Что касается упомянутой выше сходки, то мы провели ее в середине сентября, в одну из пятниц, вечером, на квартире у Розенмарка. Семь сопевших мужчин. На столе кружки с пивом. Вязкие свиные шкварки, чтобы погрызть на закуску. Разговор начал трактирщик… Как известно, город уже второй год ждет ответа на свое большое прошение. Это недопустимо долгий срок. Но немецкая половина города согласна послушно ждать дальше и считает невозможным что бы то ни было предпринять. Поскольку прошение написано самой императрице и поскольку их мудрый Рихман сам отвез его в Петербург. При том, что для серых нынешнее положение в Раквере куда менее терпимо, чем для немцев. «Это почему?» — буркнул кто-то. «Будто ты сам не знаешь!» Да потому, что с немцами госпожа Тизенхаузен еще кое-как считается. Правда, она и немцев, городских граждан, объявила своими крестьянами. А все же только вольными крестьянами. Поначалу. Но не сошными, которых она своей волей могла бы драть, такими она их еще не объявила. А с серыми она все чаще поступает именно так. Кое-кто из сидящих здесь за столом испытал это на собственной шкуре. До сих пор серые воздерживались от решительных шагов. Почему? А потому, что одни надеялись на большое прошение, а другие говорили, что они просто не знают — немцам известно, а им, серым, неизвестно, какими правами пользовался город Раквере в старину и, следовательно, какие права были или есть у них самих. И это были совершенно справедливые слова. До сих пор. Ибо свои права нужно знать, чтобы на них опереться или требовать их обратно. И до сих пор они и правда были только на немецком и частично на латыни, и знали их только немцы. А теперь, глядите, вот этот молодой человек, которого все вы знаете, он переложил на местный язык и старые, и более новые права Раквере и хочет познакомить вас с некоторыми выдержками из них.
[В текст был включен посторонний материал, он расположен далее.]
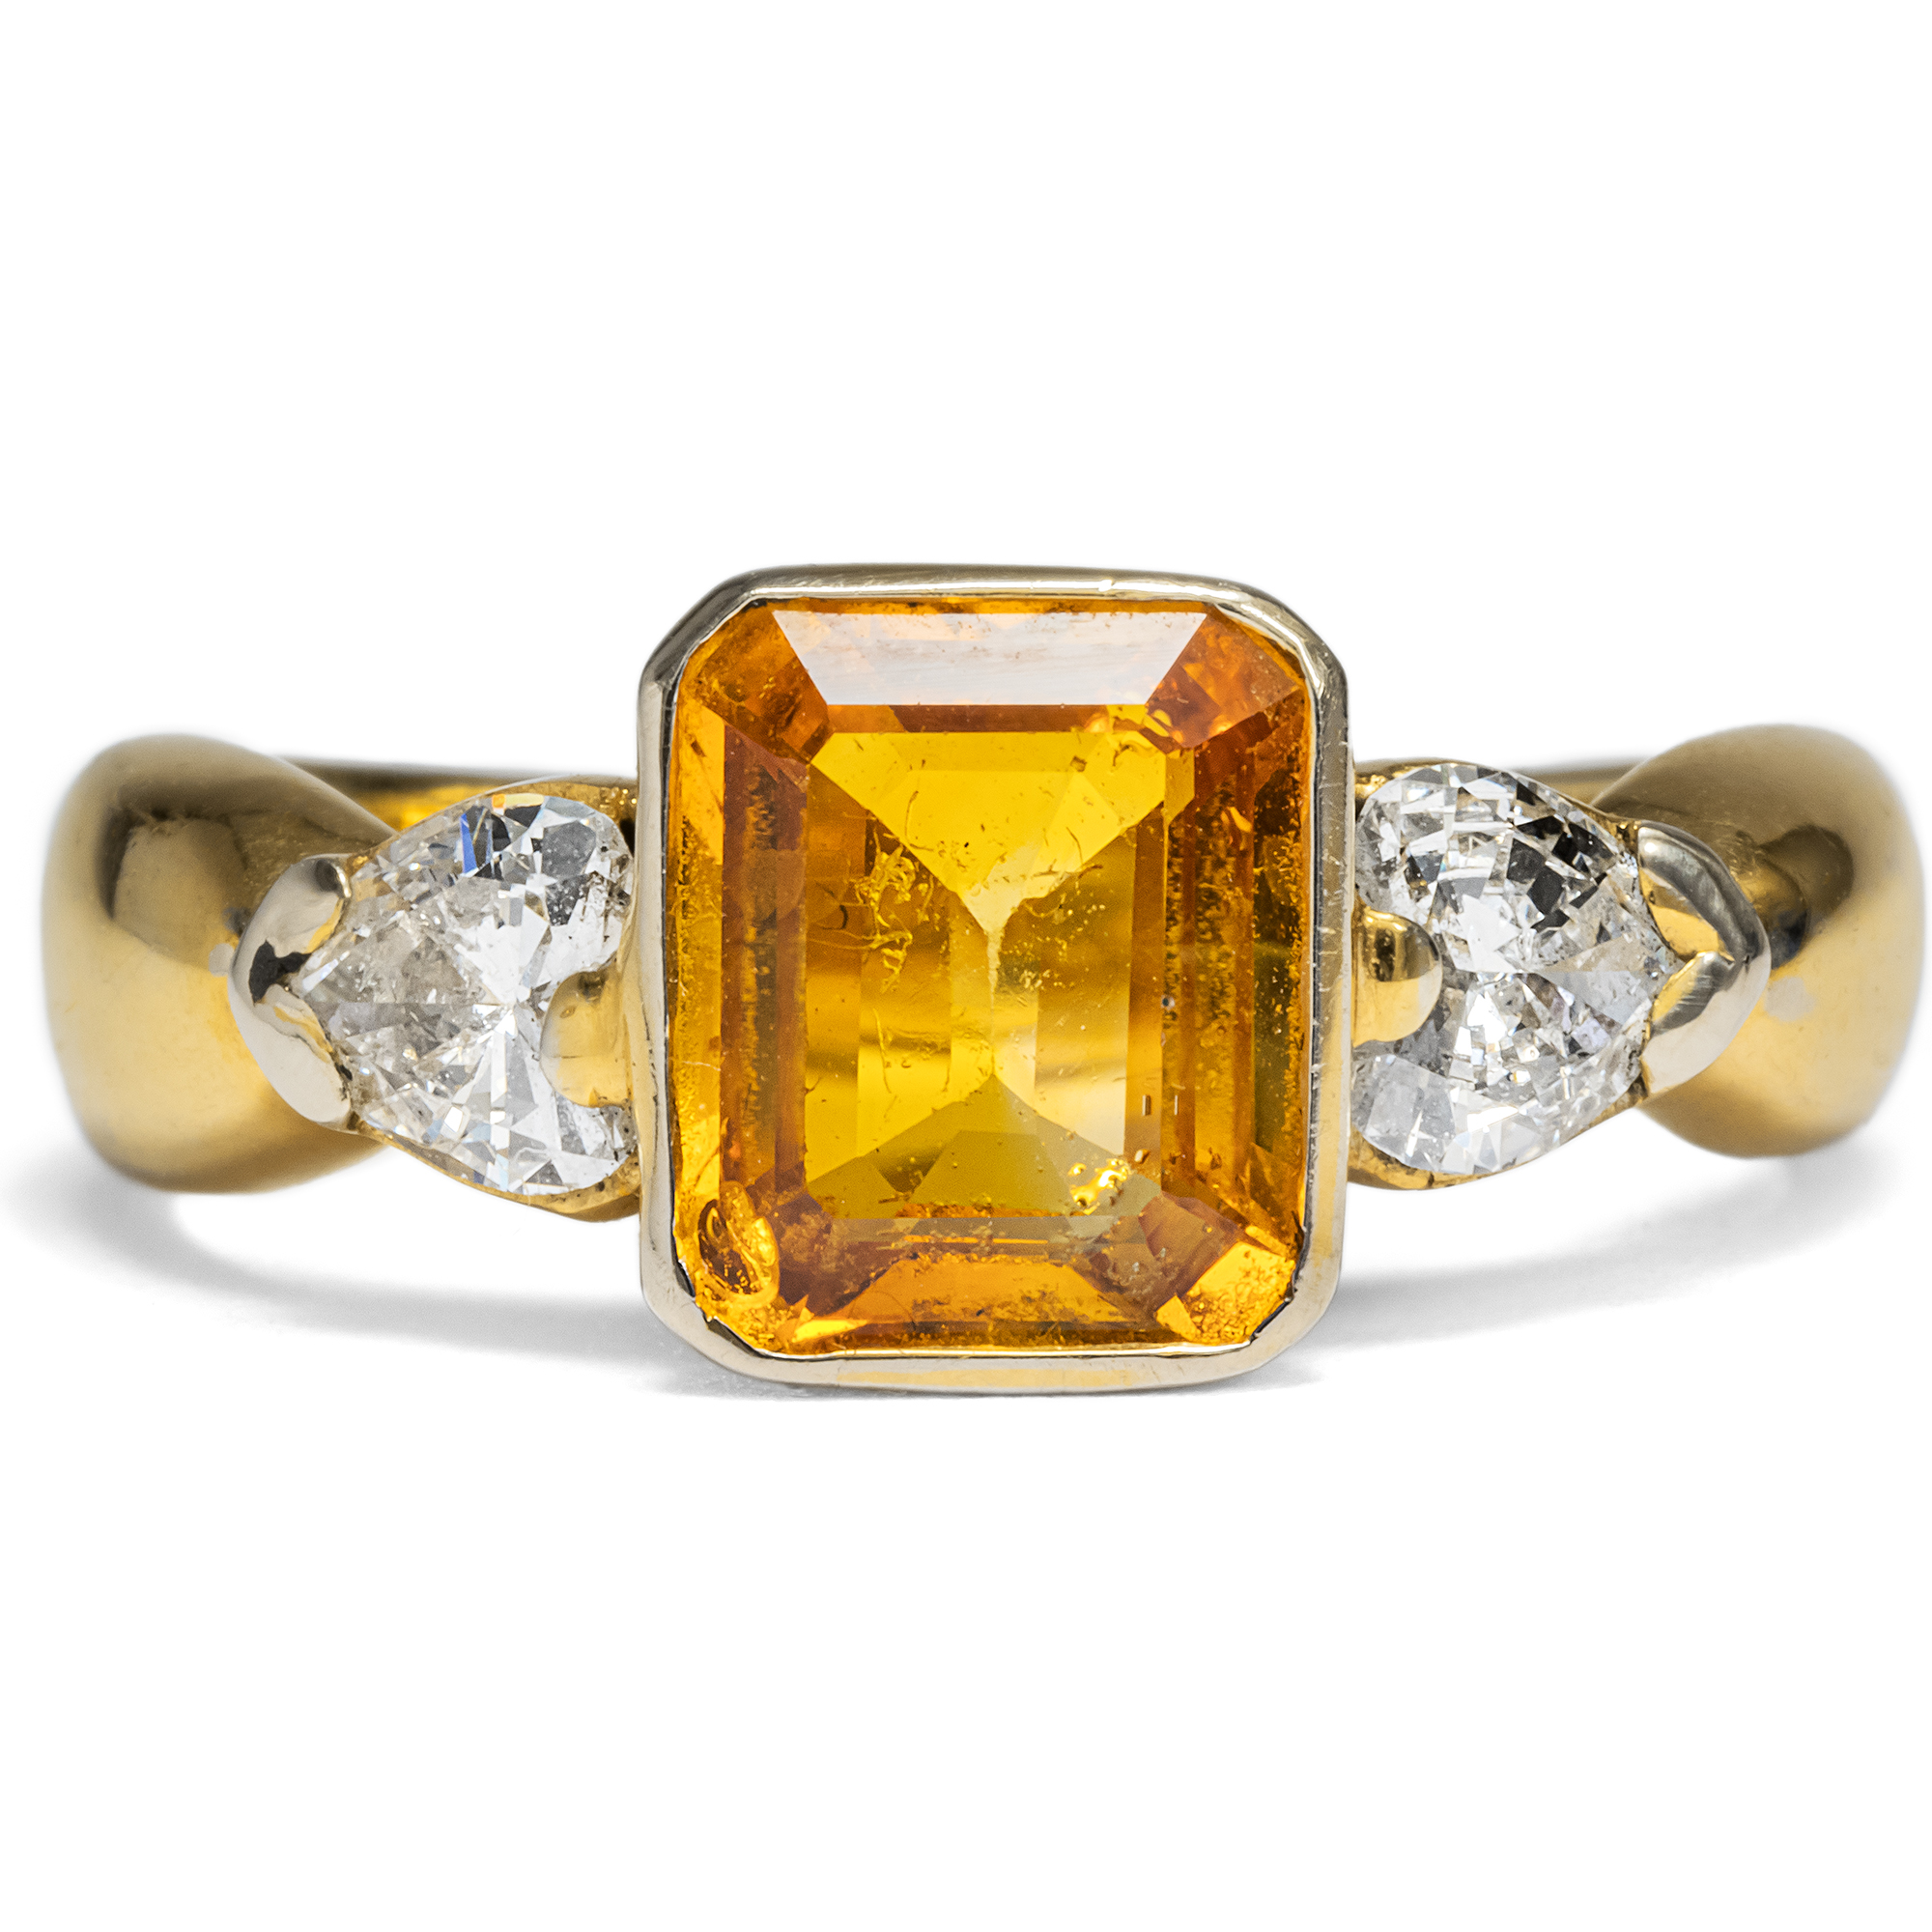 Vintage Ring mit orangem Saphir & Diamanten in Gold, Italien um 2010

Что я и сделал, как сумел. Причем, когда я говорил, мне казалось, будто бы я стоял и позади себя, и стоял там как бы раздвоенный: одно мое «я», дрожа от страха, слушало взволнованные слова похожего на меня оратора, думая при этом: «Господи помилуй, каким же дьявольским образом мы вдруг дошли до того, что открыто говорим о том, за что наша госпожа, если только узнает, тут же отдаст нас под суд…» Но другое мое «я», позади меня, с интересом и удовольствием следило за гладким течением моих фраз, свысока поглядывая на толстого трактирщика, который старается внимательно слушать и иногда, будто от слишком яркого света, щурит глаза с рыжими ресницами — когда оратор за столом, не в силах справиться со своим мальчишеством, тщеславно пользуется такими совершенно непонятными словами, как usus fructus, sentimentum, allodium, и бог весть еще какими…

Вообще-то я старался, как только мог, говорить понятно. В таком духе: права городских граждан вечны и незыблемы, и все разговоры мызы о том, что города давно нет, искажение правды. Мне кажется, что присутствие Розенмарка и его будущего тестя придало моим словам безоглядный размах.
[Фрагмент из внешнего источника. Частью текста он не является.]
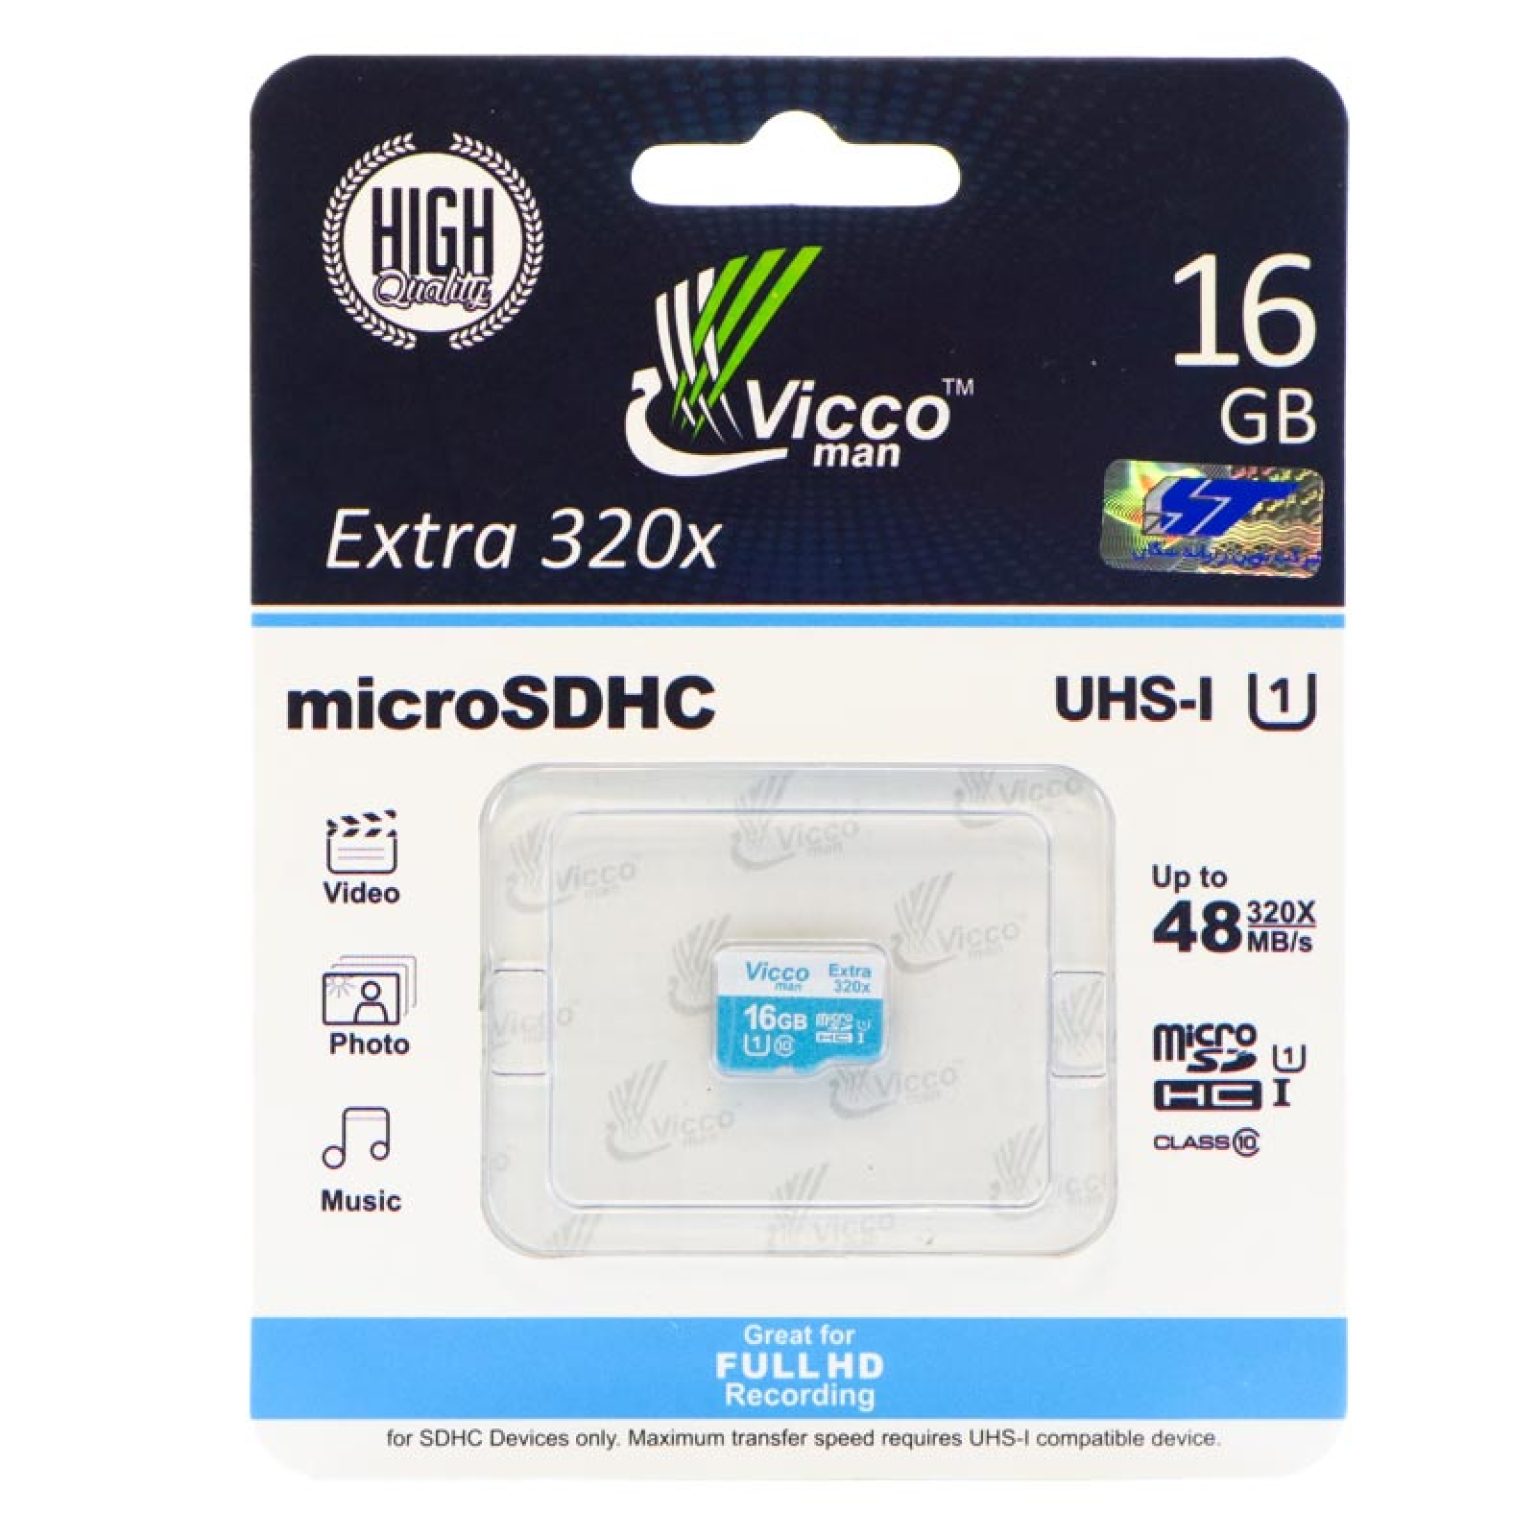 Vicco man microSD Class 10 U1 48MBs 320X 16GB Memory

Однако самым неожиданным на том собрании было для меня одно наблюдение: мои слова не вызвали у раквереских серых, за исключением Розенмарка и, может быть, Симсона, заметного интереса. Хотя за тем столом наверняка сидели самые понятливые люди из городских серых. Трактирщик сказал мне, что Каарела Ламмаса, который весной попал в число «руководящих баранов», то есть зачинщиков тяжбы с мызой, и был среди высеченных розгами, он не считает достаточно смышленым, чтобы стоило позвать. Следовательно, те, кто присутствовал, были люди понимающие. Розенмарк, как хозяин, сидел во главе стола, Роледер справа от него, а Симсон слева. Рядом с Симсоном сидел я, и мне казалось даже смешным, что я там оказался.
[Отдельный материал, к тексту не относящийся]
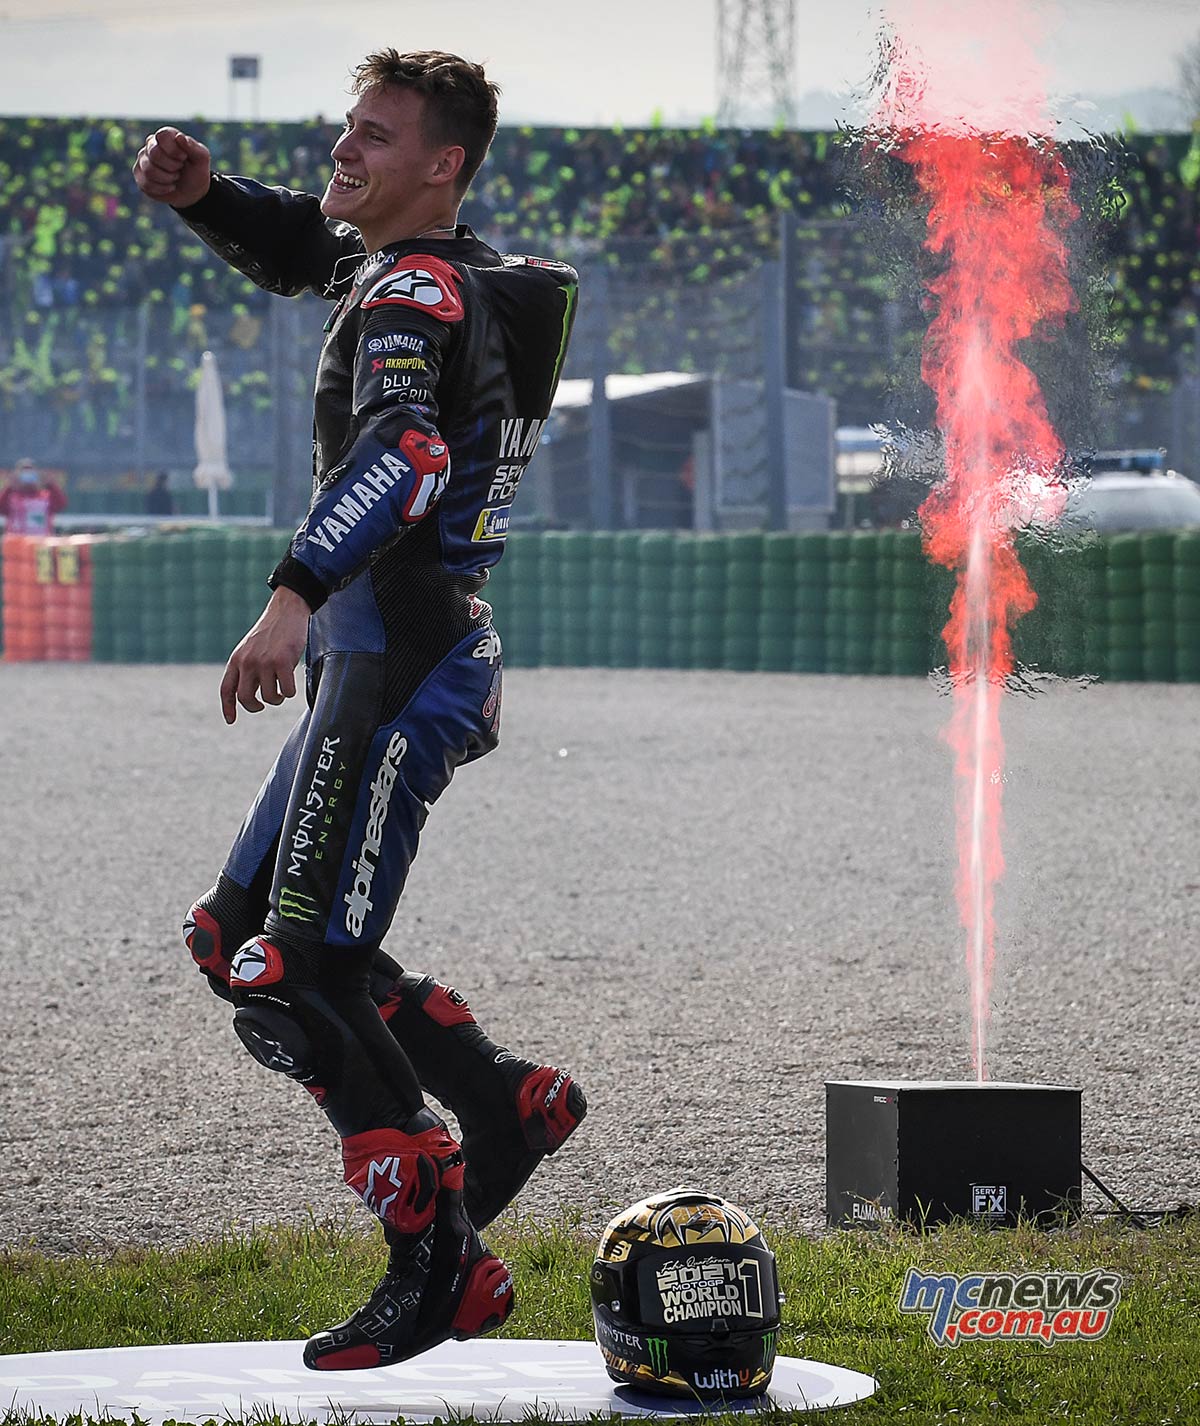 Fabio Quartararo wins the 2021 Doha Grand Prix! : r/motogp

Напротив меня ерзал тощий слесарь Тонн. Он еще перед собранием хлебнул за прилавком пива и сейчас нетерпеливо дергал свои рыжие усы. По правую руку от меня сидел подмастерье кузнеца Тепфер, человек с тяжелыми ручищами, блестевшим сине-красным лицом и выпученными глазами, — он выглядел так, будто был всегда хмельной, на самом же деле капли в рот не брал. Наискосок от Тонна, ближе к углу стола, но не напротив хозяина, не за вторым торцом, — должно быть, он сам понимал, что это место придало бы ему кое в чьих глазах несуществующее значение, — сидел, выпятив нижнюю губу, Яак из Калдаалусе. Я подумал: он сидит настолько обособленно от других, будто вопиющее причисление его к сошным крепостным, если и не нашло поддержки сидевших за столом жителей города, во всяком случае de facto ими признано…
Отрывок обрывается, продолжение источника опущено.